The following code section shows you an example for a custom dataset.

In [None]:
from torchvision.io import read_image
from torch.utils.data import Dataset
class CustomDataset(Dataset):
    def __init__(self, annotations_file, img_dir, transform=None, target_transform=None):
        # Initialization logic (e.g., load file paths, labels)
        self.img_labels = pd.read_csv(annotations_file)
        self.img_dir = img_dir
        self.transform = transform
        self.target_transform = target_transform

    def __len__(self):
        # Return total number of samples: len(dataset)  
        return len(self.img_labels)
    
    def __getitem__(self, idx):
        img_path = os.path.join(self.img_dir, self.img_labels.iloc[idx, 0])
        image = read_image(img_path)
        label = self.img_labels.iloc[idx, 1]

        if self.transform:
            image = self.transform(image)
        if self.target_transform:
            label = self.target_transform(label)

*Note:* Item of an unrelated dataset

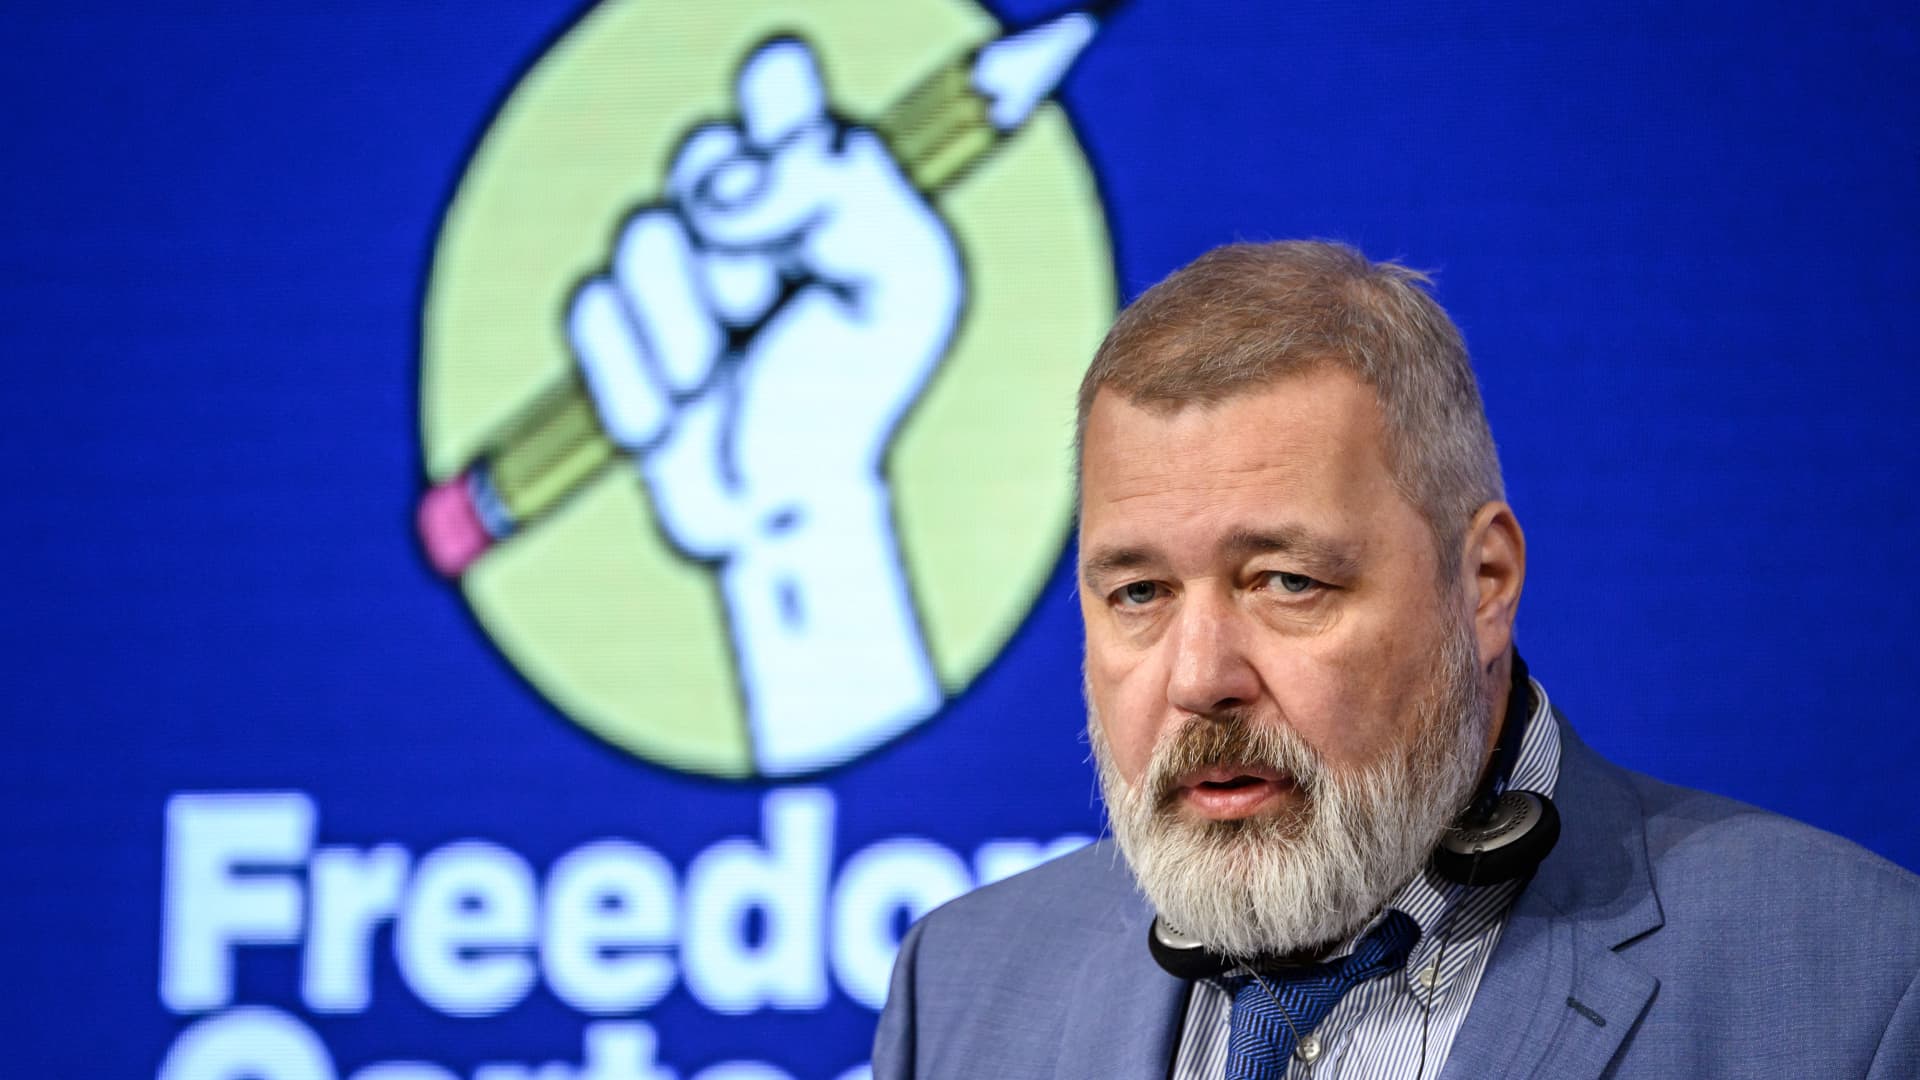 2021 Nobel Peace Prize laureate Dmitry Muratov gives a speech at the Cartooning Award Ceremony during the World Press Freedom Day in Geneva on May 3, 2022.

        return image, label

## DataLoaders

Where `Dataset` in PyTorch accesses a single data entry, the `DataLoader` uses it to reorganize the data in minibatches and randomizes them for each training epoch. Additionally, it speeds up information retrieval. We already used this in the previous tutorials for exactly this purpose.

The DataLoader function needs a `Dataset` as input. Also, the batch size needs to be defined and with `shuffle=True` randomization is activated. We also recommend to set the number of workers which splits the processing load.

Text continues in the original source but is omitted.